Advanced Aggregations

UNION,ROLLUP, CUBE,GROUPING SETS

Karen Hovhannisyan

2026-04-01

Goal

  • Understand the limitations of GROUP BY
  • Solve a real analytical problem using UNION ALL
  • Replace the solution with ROLLUP and GROUPING SETS
  • Compare clarity, correctness, and scalability

UNION

What is UNION?

UNION is a set operator that combines the results of multiple SELECT statements into a single result set.

  • Result sets are stacked vertically
  • Each SELECT must return the same number of columns
  • Corresponding columns must have compatible data types

Types of UNION

  • UNION
  • UNION ALL
Operator Behavior
UNION Removes duplicate rows
UNION ALL Preserves all rows

UNION vs UNION ALL

Two independent result sets:

  • Result Set A
  • Result Set B

UNION applies deduplication
UNION ALL performs pure concatenation

Example Tables

Table A

id value
1 A
2 B
3 C

Table B

id value
3 C
4 D
5 E

UNION Example

SELECT id, value FROM table_a
UNION
SELECT id, value FROM table_b;

\[\Downarrow\]

id value
1 A
2 B
3 C
4 D
5 E

UNION ALL Example

SELECT id, value FROM table_a
UNION ALL
SELECT id, value FROM table_b;

\[\Downarrow\]

id value
1 A
2 B
3 C
3 C
4 D
5 E

Why UNION ALL is Preferred in Analytics

  • No implicit deduplication
  • Predictable row counts
  • Better performance
  • Correct for aggregation logic

Analytical Context

We now move from toy examples to a real analytical problem.

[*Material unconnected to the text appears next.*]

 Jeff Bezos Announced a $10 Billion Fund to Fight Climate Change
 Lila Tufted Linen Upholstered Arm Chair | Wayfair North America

  • Hierarchical geography
  • Transactional revenue
  • Multiple aggregation levels
  • One result set required

Problem 1

We are asked to provide:

  • Revenue by city
  • Revenue by region
  • Revenue by country
  • A grand total

All results must appear in one result set.

Analytical Base

All queries rely on the following analytical layer.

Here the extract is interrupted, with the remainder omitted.